• [Activity]:
Once the line containing "VITAL-C Vitamine C" appears, output it and each remaining line of the records below exactly, with no pictures and nothing more.

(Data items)
○ ○ ○

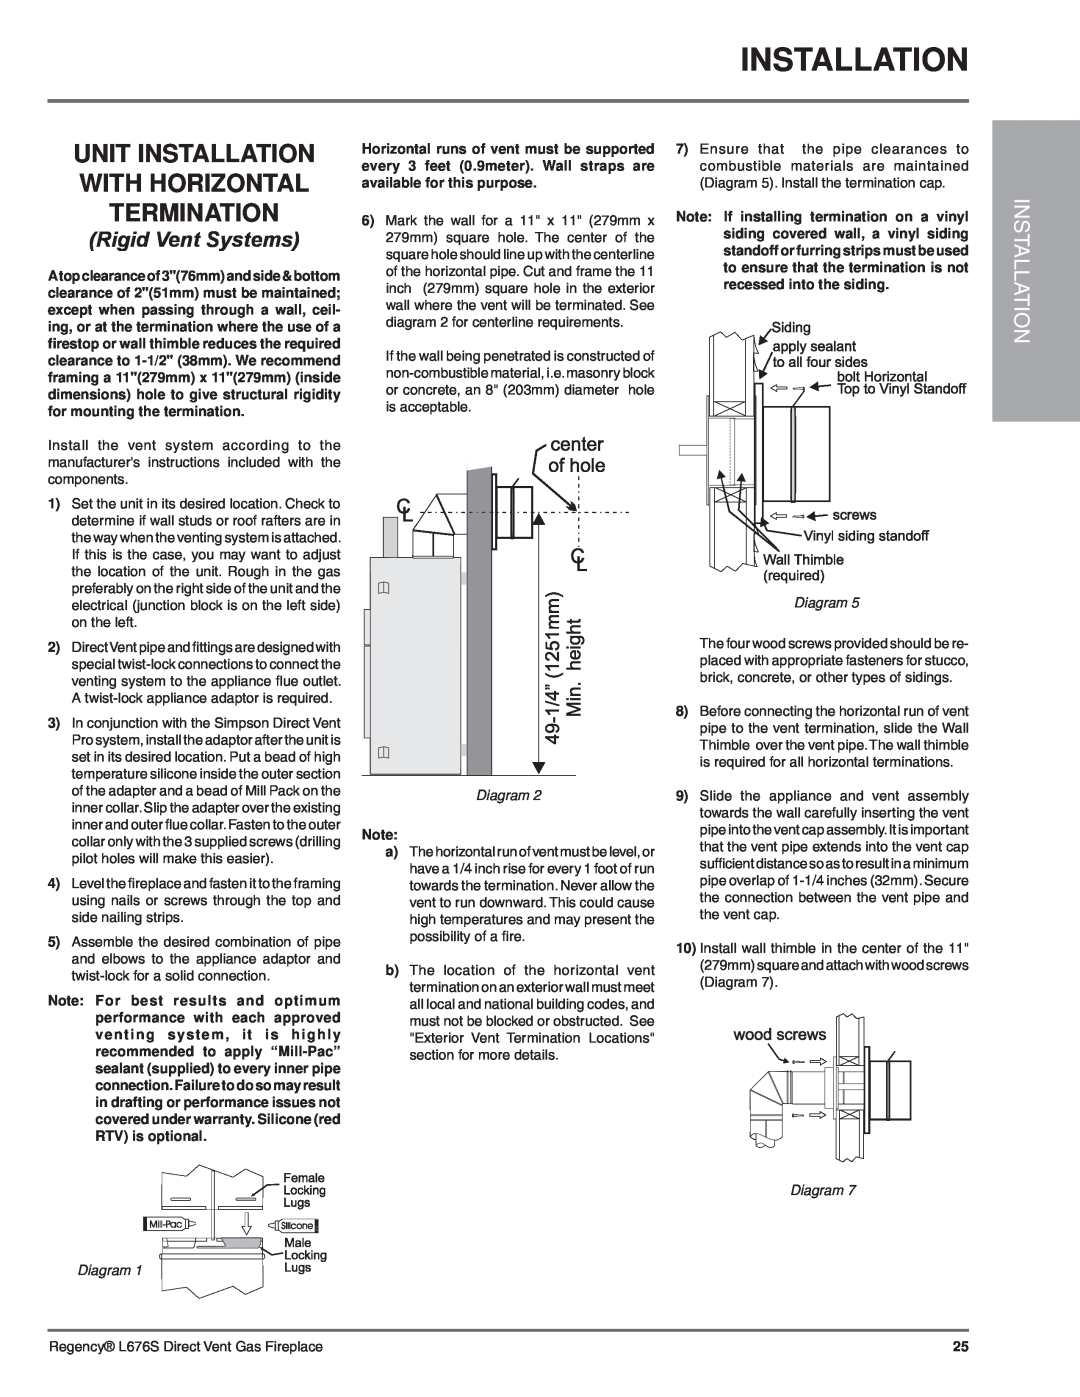 Regency L676S-NG1 Unit Installation With Horizontal Termination, Rigid Vent Systems, Diagram Diagram 
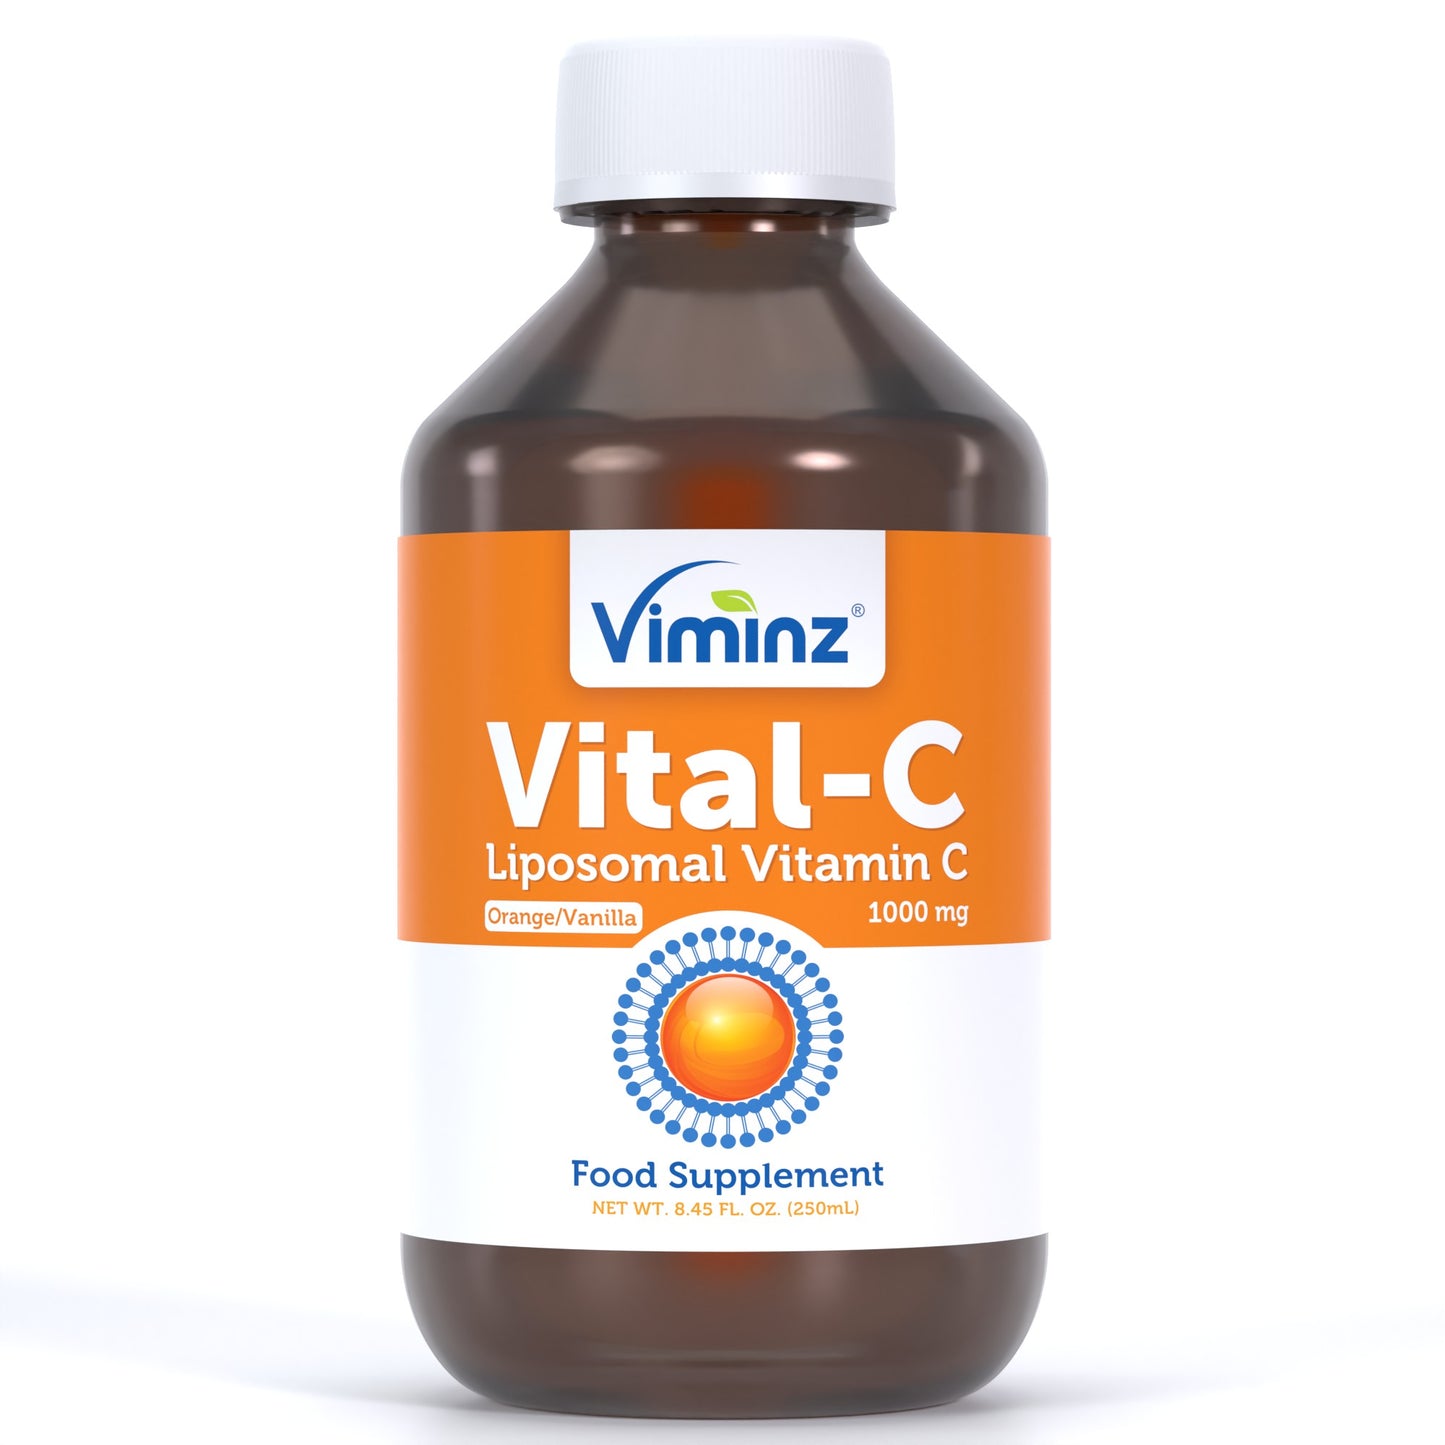 VITAL-C Vitamine C liposomale formule liquide 1000 mg
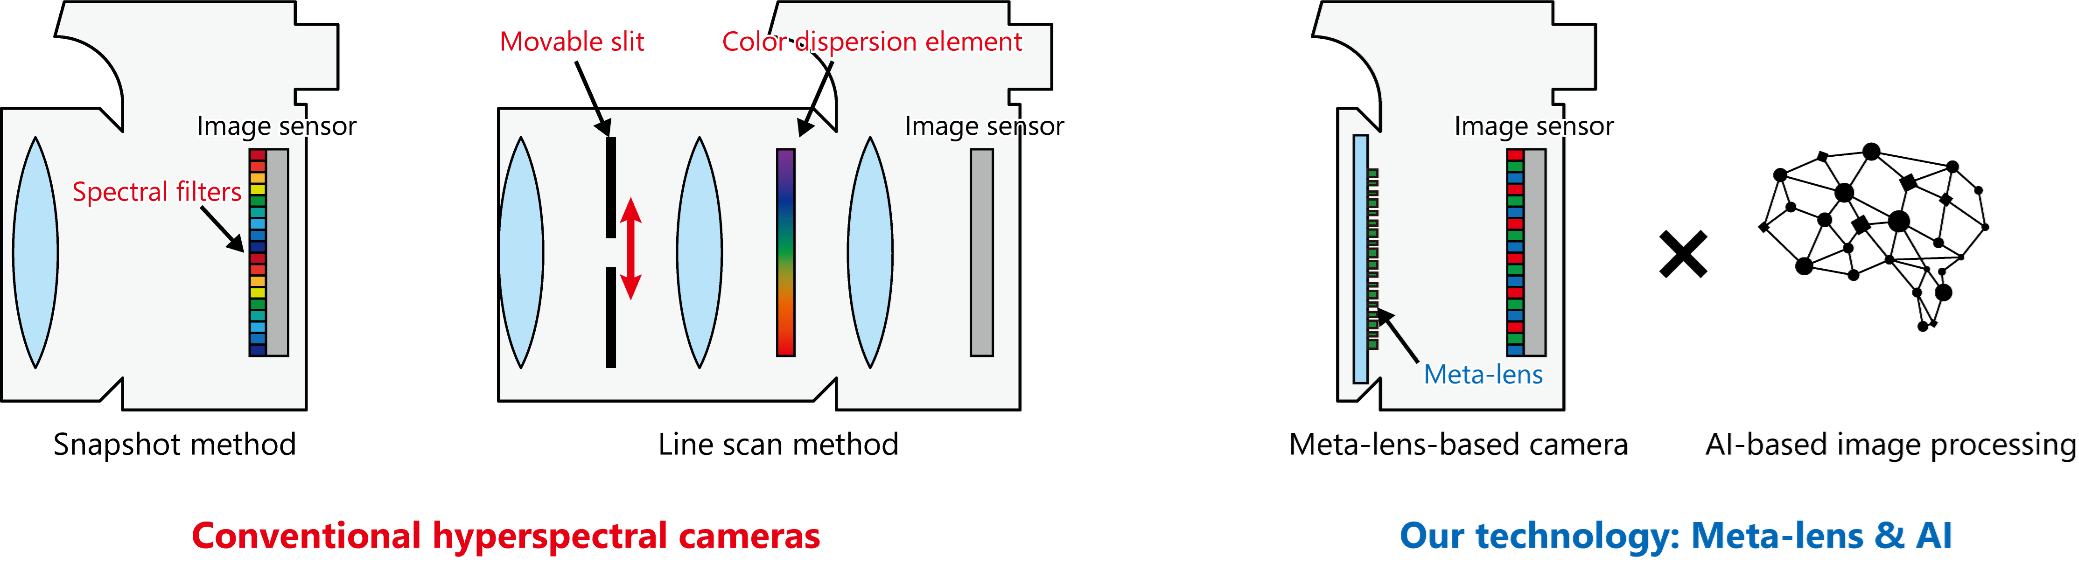 Figure 1 Comparison of Hyperspectral Camera Configuration
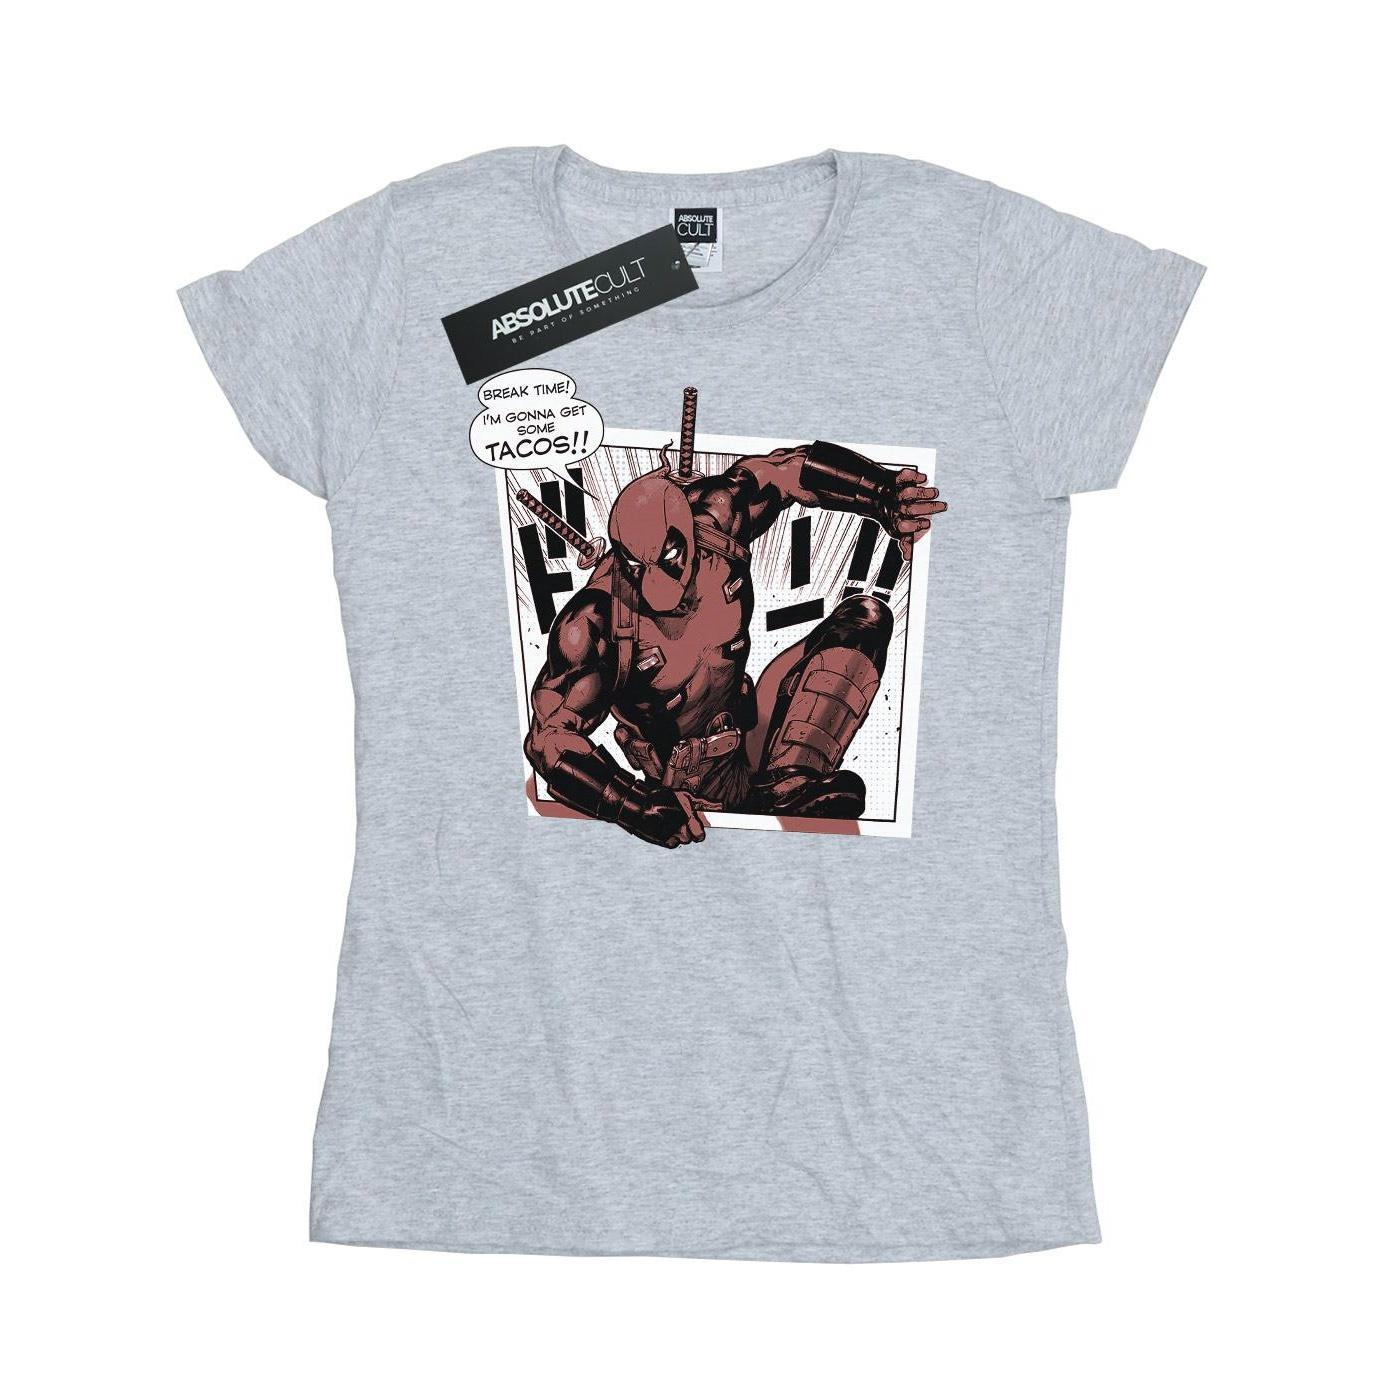 Marvel Womens/Ladies Deadpool Breaktime Tacos Cotton T-Shirt (Sports Grey) (L)
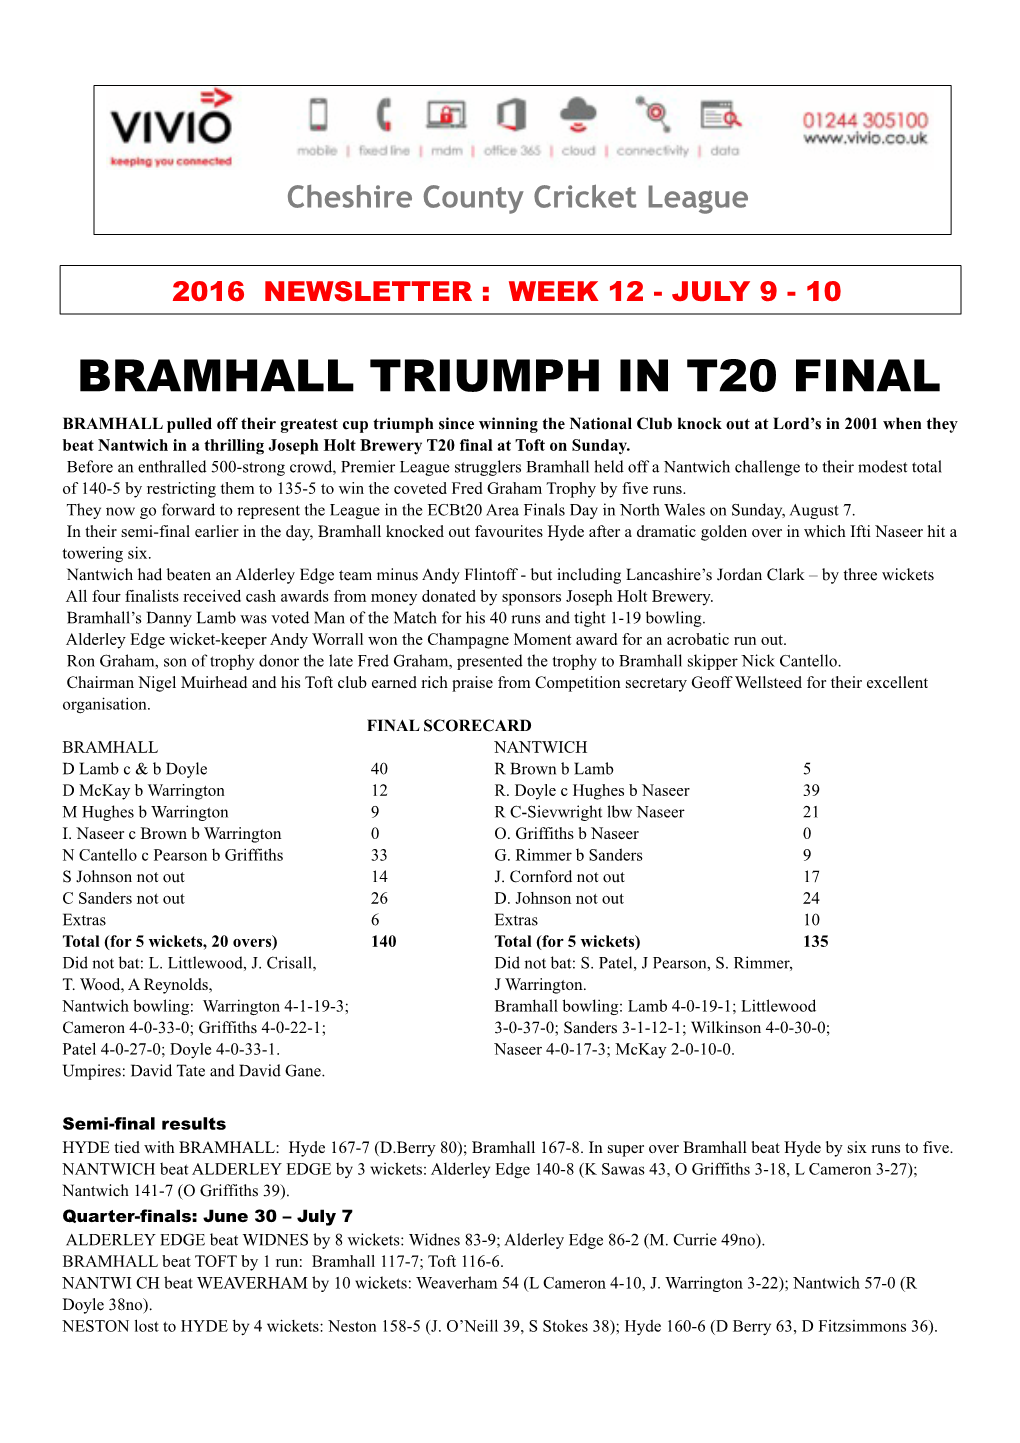 Bramhall Triumph in T20 Final

○ ○ ○

• [Output]:
 VITAL-C Vitamine C liposomale formule liquide 1000 mg
 Figure 1 Comparison of Hyperspectral Camera Configuration
 Marvel Womens/Ladies Deadpool Breaktime Tacos Cotton T-Shirt (Sports Grey) (L)
 Bramhall Triumph in T20 Final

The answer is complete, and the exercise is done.